O investigador, da Universidade de Exeter e integra ainda o Centro Hadley do Met Office, um centro de investigação britânico sobre alterações climáticas, explica que a composição do fumo, embora dependa da natureza do combustível queimado e das condições de combustão, pode incluir tanto carbono orgânico como carbono negro. Este último é um poluente atmosférico, cuja formação resulta da combustão incompleta de combustíveis fósseis, madeira ou biomassa. Quando, no contexto de um incêndio, a vegetação não arde totalmente, ocorre a formação de carbono negro, que tem esse nome por conferir uma cor escura ao fumo.
Na sequência dos fogos na Austrália, formou-se muito carbono negro, diz Jim Haywood. Por terem uma cor escura, algumas nuvens de fumo absorveram muita luz solar, o que se traduziu num aumento da sua temperatura.
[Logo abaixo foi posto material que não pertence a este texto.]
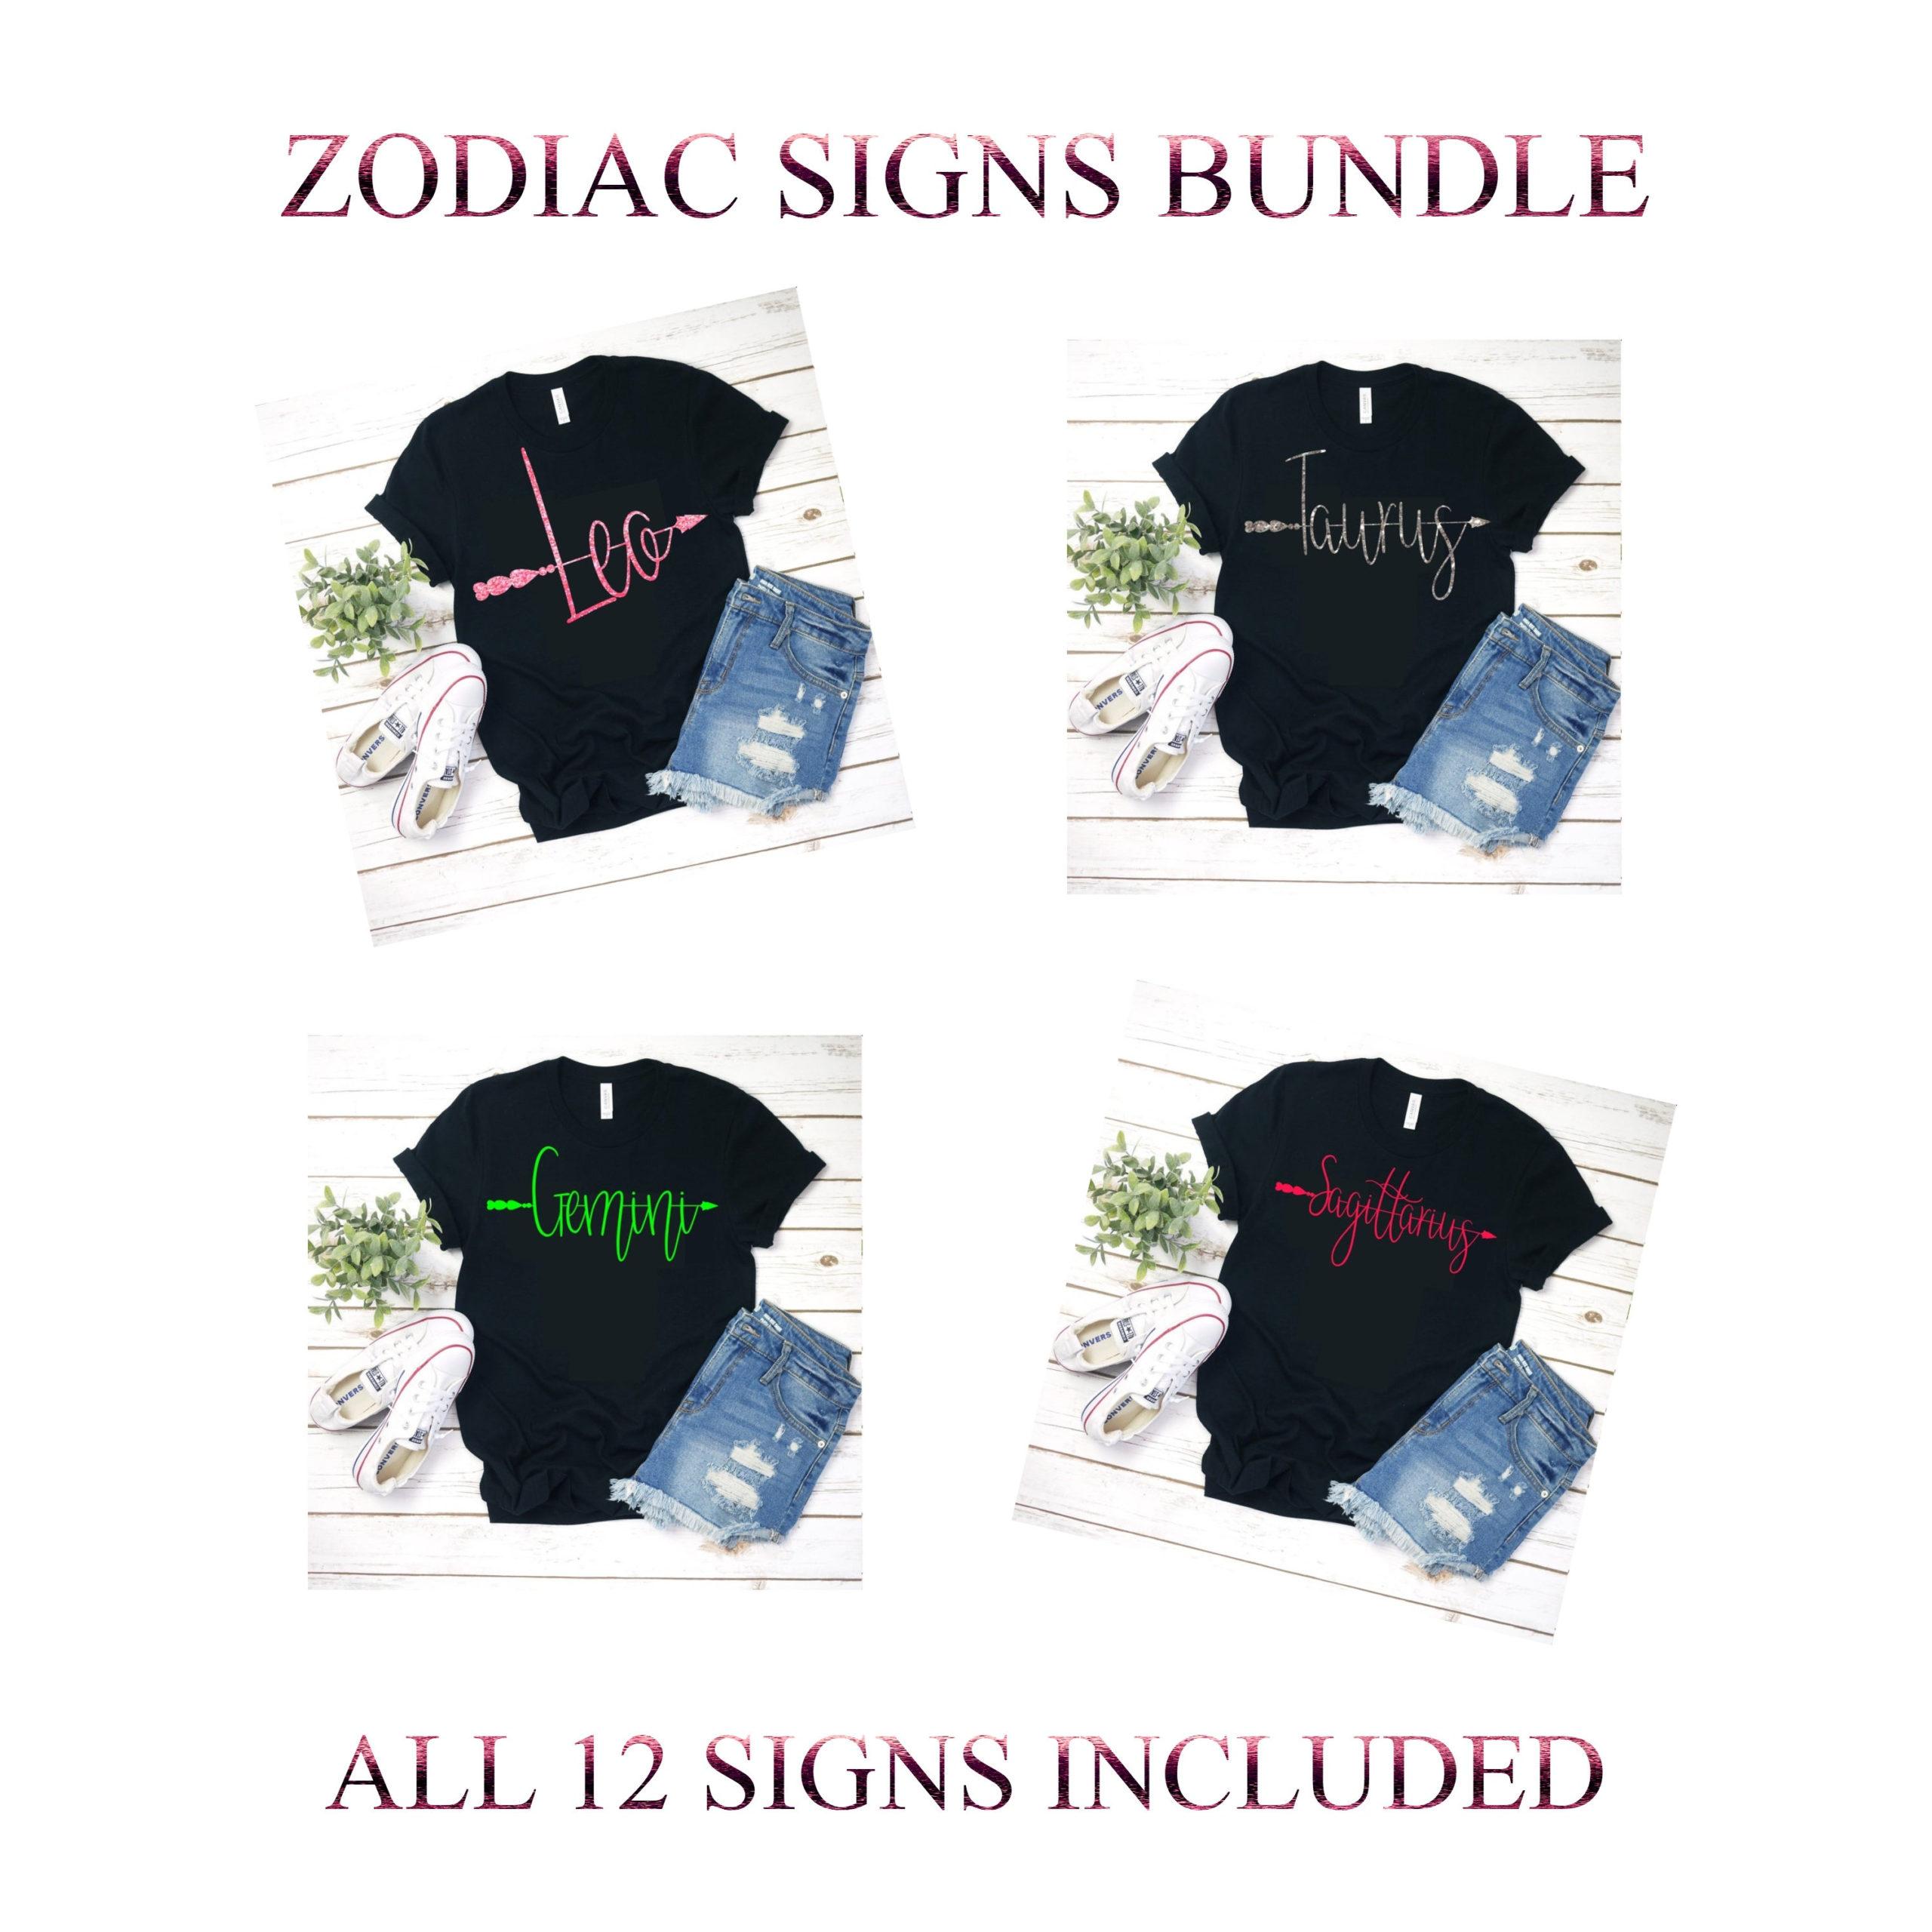 Scorpio-signs-bundle-svgzodiac-svgzodiac-sign-svgconstellation-svgstarzodiac-birthday-svghoroscope-svghoroscope-signscorpio-birthday-5e221e00

Por sua vez, este aumento levou a que as nuvens subissem de forma extremamente acentuada, “como se fossem um balão de ar quente”. “O fumo subiu imenso porque absorveu imensa luz solar. E absorveu imensa luz solar por causa do carbono negro”, resume.
O investigador diz que o estudo não só demonstra que o aumento da temperatura estratosférica foi provocado pelos incêndios na Austrália, como também prova que as nuvens de fumo e as partículas nelas presentes prejudicaram a camada de ozono (cujo buraco de 2021 foi um dos maiores e mais duradouros desde que há registos). “Isto tem implicações muito alarmantes. O Protocolo de Montreal [acordo global que visa proteger a camada de ozono, através da eliminação progressiva dos químicos que a fragilizam] tem produzido resultados favoráveis, mas todo o progresso pode vir a ser desfeito pelo aquecimento global, se no futuro tivermos mais incêndios que mandam todo este fumo para a estratosfera”, afirma.
Os autores do estudo lembram que, com as alterações climáticas, é bem possível que no futuro venhamos a testemunhar fogos não só mais intensos, como mais frequentes. Com isto, poderá aumentar a probabilidade de mais casos de aquecimento estratosférico e danificação da camada de ozono, que é importante para filtrar e impedir a passagem dos raios ultravioleta até à superfície terrestre.